Texas follows federal Medicare rules in most respects — the same Parts A, B, C, and D structure applies here as everywhere else in the country. But Texas has several state-specific features that affect Medicare beneficiaries in meaningful ways — including how Medicare interacts with TRS-Care for retired educators, how Medigap underwriting works outside of open enrollment, and what the Texas Medicare Savings Program offers qualifying residents.

📌 Texas Medicare by the numbers: Texas has approximately 4.5 million Medicare beneficiaries — one of the highest totals of any state in the country. The Rio Grande Valley alone — Cameron, Hidalgo, Starr, and Willacy Counties — has one of the highest concentrations of Medicare-eligible residents in South Texas, with a large and growing population of retirees, retired educators, and beneficiaries who also qualify for Medicaid.


Types of Medicare Plans Available in Texas

OPTION 1

Original Medicare — Parts A and B

Original Medicare is the federal program that provides hospital coverage (Part A) and medical coverage (Part B) directly from the government. It is available to all Medicare-eligible Texans regardless of where in the state they live — rural, urban, or border communities.

Original Medicare covers a wide range of services but leaves significant cost gaps — the Part B 20% coinsurance with no cap, the Part A hospital deductible, and no coverage for dental, vision, hearing, or prescription drugs. Most Texans who choose Original Medicare add a Medigap plan and a Part D drug plan to fill those gaps.

Best for Texas residents who: Want complete freedom to see any Medicare provider anywhere in Texas or the country, have chronic conditions requiring frequent specialist access, or travel extensively and need nationwide coverage without network restrictions.

OPTION 2

Medicare Advantage — Part C

Medicare Advantage plans are extremely popular in Texas — particularly in urban and suburban markets like the Rio Grande Valley, Houston, Dallas, San Antonio, and Austin. Texas’s large Medicare population and competitive insurance market mean beneficiaries often have dozens of Medicare Advantage plans to choose from in their county.

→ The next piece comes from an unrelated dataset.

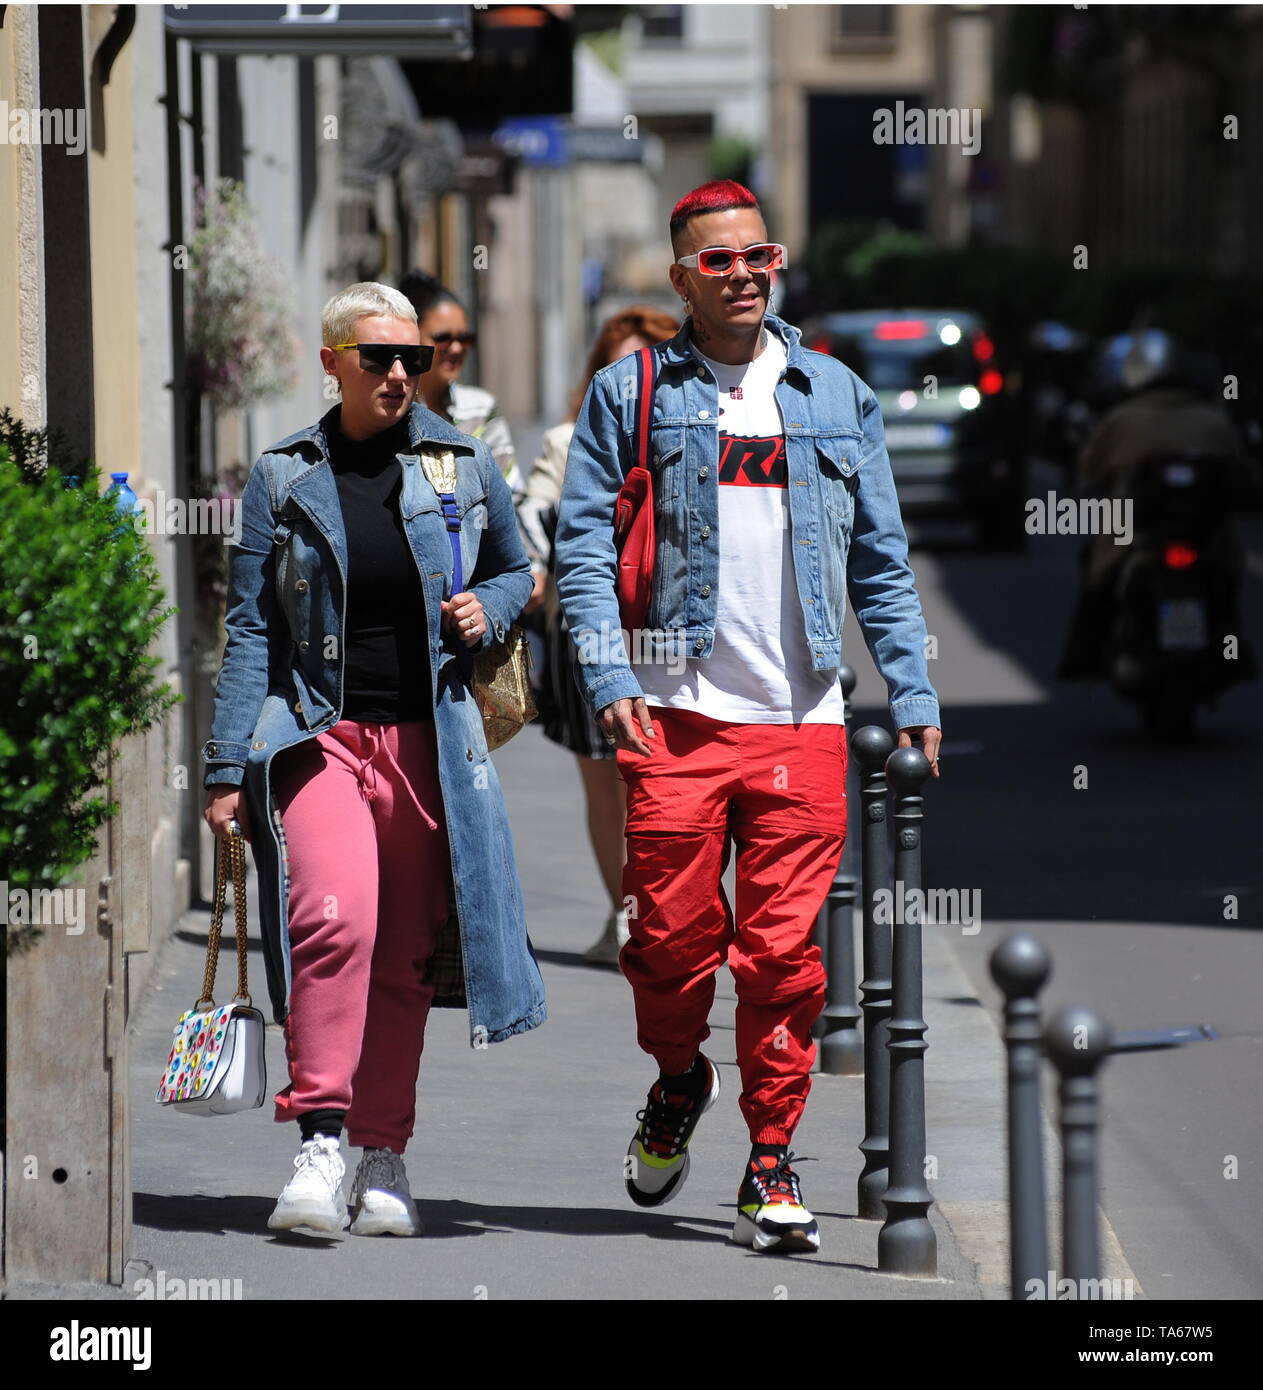 Milan, Sfera It took a lunch with a mysterious girl The rapper SFERA EBBASTA  caught lunch with a mysterious girl in a well-known restaurant in the  center. As soon as he notices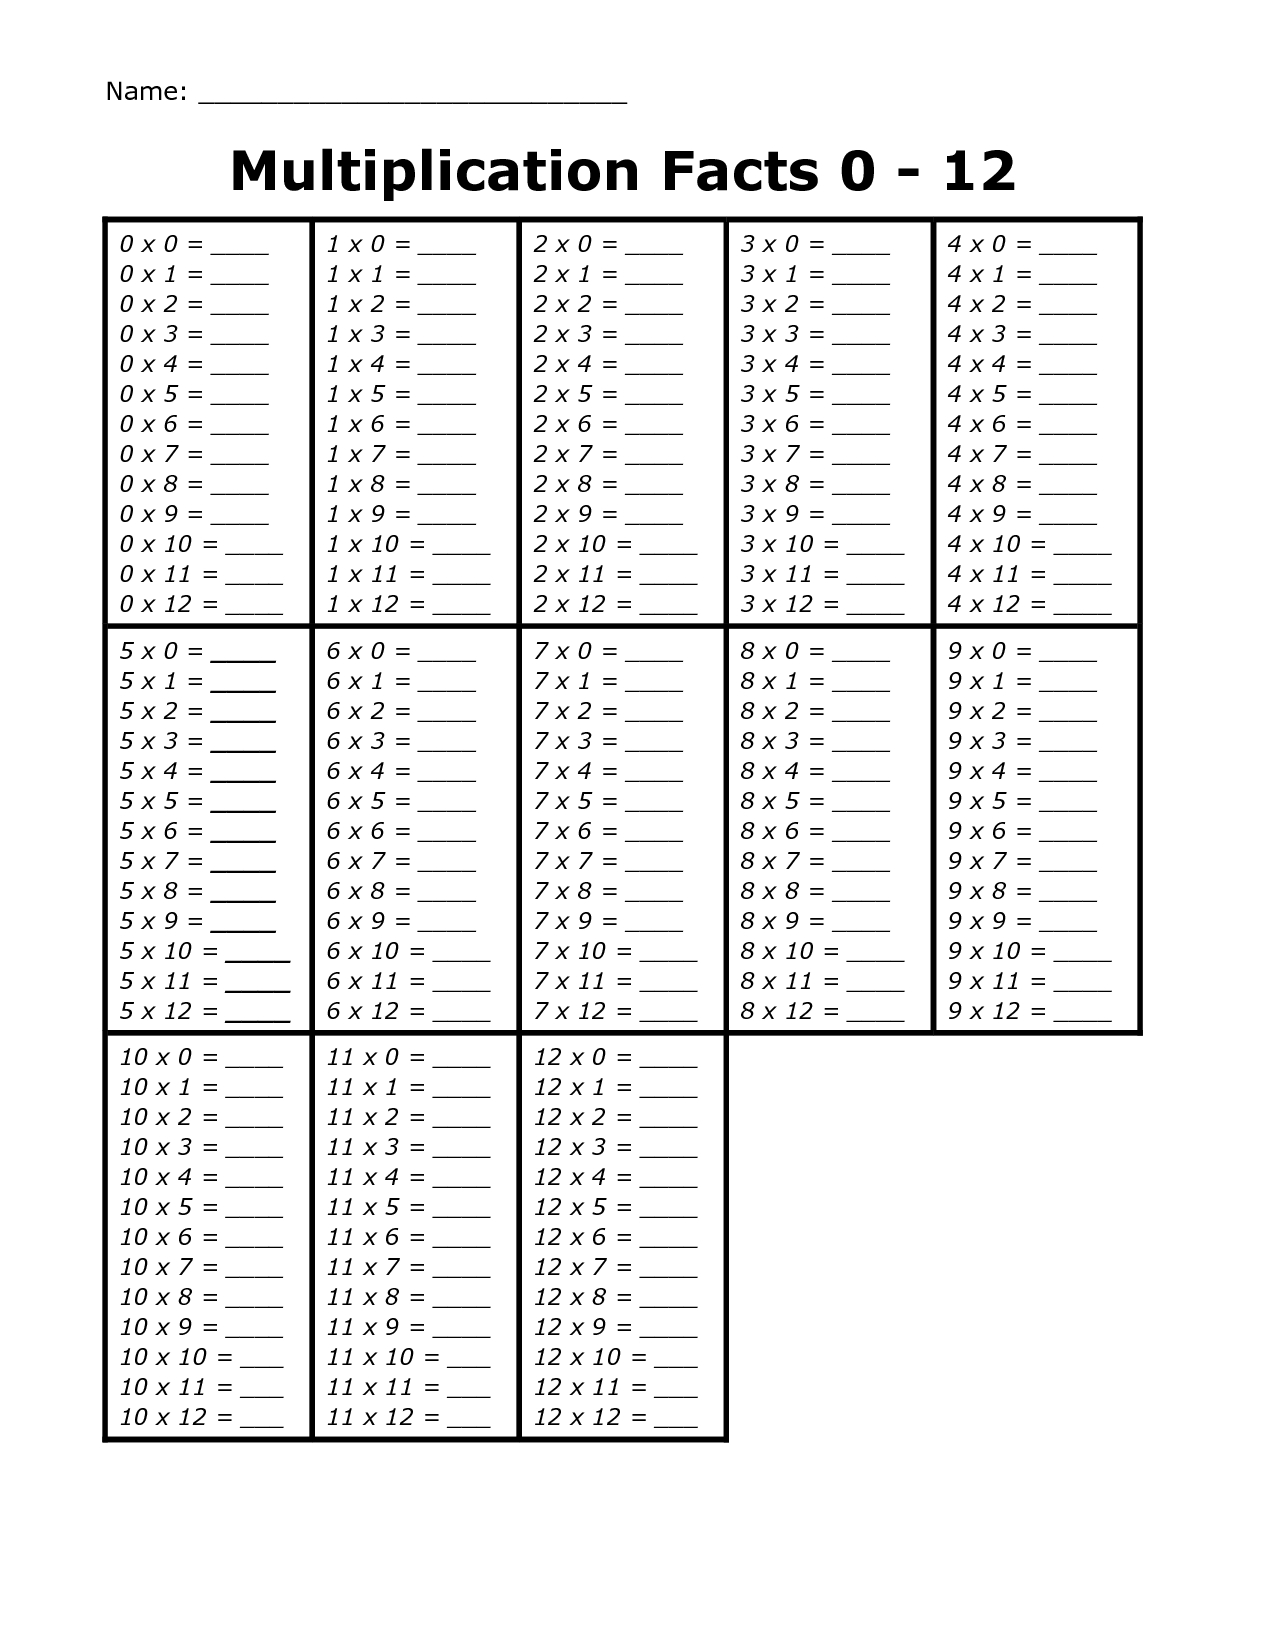 printable-multiplication-quizzes-0-12-printable-multiplication-flash-cards

Medicare Advantage plans in Texas typically offer:

  • $0 or very low monthly premiums — especially in competitive markets like the Rio Grande Valley
  • Drug coverage included — most plans are MAPD plans with Part D built in
  • Extra benefits — dental, vision, hearing, fitness, OTC allowances, and transportation
  • An annual out-of-pocket maximum — protecting against catastrophic costs
  • HMO and PPO plan types — HMOs are most common in South Texas

Best for Texas residents who: Want to minimize monthly premiums, are comfortable with a local provider network, value extra benefits like dental and vision, and primarily receive care in one geographic area of Texas.

OPTION 3

Medicare Supplement — Medigap

Medigap plans are sold by private insurance companies in Texas and work alongside Original Medicare to cover the cost-sharing gaps that Medicare leaves behind. Texas follows federal standardization rules — meaning every Plan G from every carrier in Texas offers exactly the same benefits. The only differences are premium and carrier quality.

The most popular Medigap plans in Texas are Plan G, Plan N, and High Deductible Plan G. Texas does not offer Birthday Rule protections for Medigap switching outside of open enrollment — unlike California and a handful of other states. This means the six-month Medigap Open Enrollment Period when you first turn 65 and enroll in Part B is critically important — it is typically your only guaranteed opportunity to buy any Medigap plan at standard rates without medical underwriting.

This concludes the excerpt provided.